Stored items from a collection
╭──
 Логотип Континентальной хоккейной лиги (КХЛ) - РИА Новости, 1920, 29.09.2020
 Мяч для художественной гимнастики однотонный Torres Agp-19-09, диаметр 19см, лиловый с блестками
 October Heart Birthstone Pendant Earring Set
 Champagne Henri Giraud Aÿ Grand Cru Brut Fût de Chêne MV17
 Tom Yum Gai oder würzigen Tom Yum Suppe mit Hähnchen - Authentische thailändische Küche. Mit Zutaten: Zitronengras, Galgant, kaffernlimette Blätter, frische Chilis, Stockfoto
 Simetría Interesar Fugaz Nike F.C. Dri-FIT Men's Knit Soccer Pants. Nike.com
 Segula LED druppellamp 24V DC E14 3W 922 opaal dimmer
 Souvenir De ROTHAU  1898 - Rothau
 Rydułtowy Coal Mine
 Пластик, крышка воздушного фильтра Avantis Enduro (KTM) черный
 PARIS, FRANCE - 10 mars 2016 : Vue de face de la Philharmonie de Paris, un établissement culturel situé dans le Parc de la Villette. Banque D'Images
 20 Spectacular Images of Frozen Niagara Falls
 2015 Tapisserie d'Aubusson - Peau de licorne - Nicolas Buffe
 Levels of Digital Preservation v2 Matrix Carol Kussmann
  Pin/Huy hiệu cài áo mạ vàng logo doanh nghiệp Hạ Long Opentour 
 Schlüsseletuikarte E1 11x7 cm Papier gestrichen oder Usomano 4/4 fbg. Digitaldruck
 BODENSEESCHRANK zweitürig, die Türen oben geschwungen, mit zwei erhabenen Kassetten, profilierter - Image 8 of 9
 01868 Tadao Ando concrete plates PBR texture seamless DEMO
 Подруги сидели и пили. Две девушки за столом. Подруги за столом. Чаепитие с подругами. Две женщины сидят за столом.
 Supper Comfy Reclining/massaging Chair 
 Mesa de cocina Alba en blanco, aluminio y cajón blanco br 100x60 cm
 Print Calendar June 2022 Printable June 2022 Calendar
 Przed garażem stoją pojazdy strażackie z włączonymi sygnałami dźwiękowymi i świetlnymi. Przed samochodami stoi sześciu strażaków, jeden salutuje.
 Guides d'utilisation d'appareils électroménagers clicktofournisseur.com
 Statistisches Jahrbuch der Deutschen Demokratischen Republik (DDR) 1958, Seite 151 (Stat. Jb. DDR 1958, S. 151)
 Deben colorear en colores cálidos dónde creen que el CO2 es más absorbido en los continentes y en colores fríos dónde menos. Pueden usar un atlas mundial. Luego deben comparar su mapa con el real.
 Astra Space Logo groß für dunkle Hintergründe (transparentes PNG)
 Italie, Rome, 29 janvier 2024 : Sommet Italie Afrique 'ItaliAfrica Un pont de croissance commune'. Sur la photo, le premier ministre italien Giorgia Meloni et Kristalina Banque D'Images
╰──
■ **WORK INSTRUCTIONS**
Only one stretch of the data is wanted: the lines from the one with "Pin/Huy hiệu cài" through the last, repeated exactly.

■ **WRITTEN ANSWER**
  Pin/Huy hiệu cài áo mạ vàng logo doanh nghiệp Hạ Long Opentour 
 Schlüsseletuikarte E1 11x7 cm Papier gestrichen oder Usomano 4/4 fbg. Digitaldruck
 BODENSEESCHRANK zweitürig, die Türen oben geschwungen, mit zwei erhabenen Kassetten, profilierter - Image 8 of 9
 01868 Tadao Ando concrete plates PBR texture seamless DEMO
 Подруги сидели и пили. Две девушки за столом. Подруги за столом. Чаепитие с подругами. Две женщины сидят за столом.
 Supper Comfy Reclining/massaging Chair 
 Mesa de cocina Alba en blanco, aluminio y cajón blanco br 100x60 cm
 Print Calendar June 2022 Printable June 2022 Calendar
 Przed garażem stoją pojazdy strażackie z włączonymi sygnałami dźwiękowymi i świetlnymi. Przed samochodami stoi sześciu strażaków, jeden salutuje.
 Guides d'utilisation d'appareils électroménagers clicktofournisseur.com
 Statistisches Jahrbuch der Deutschen Demokratischen Republik (DDR) 1958, Seite 151 (Stat. Jb. DDR 1958, S. 151)
 Deben colorear en colores cálidos dónde creen que el CO2 es más absorbido en los continentes y en colores fríos dónde menos. Pueden usar un atlas mundial. Luego deben comparar su mapa con el real.
 Astra Space Logo groß für dunkle Hintergründe (transparentes PNG)
 Italie, Rome, 29 janvier 2024 : Sommet Italie Afrique 'ItaliAfrica Un pont de croissance commune'. Sur la photo, le premier ministre italien Giorgia Meloni et Kristalina Banque D'Images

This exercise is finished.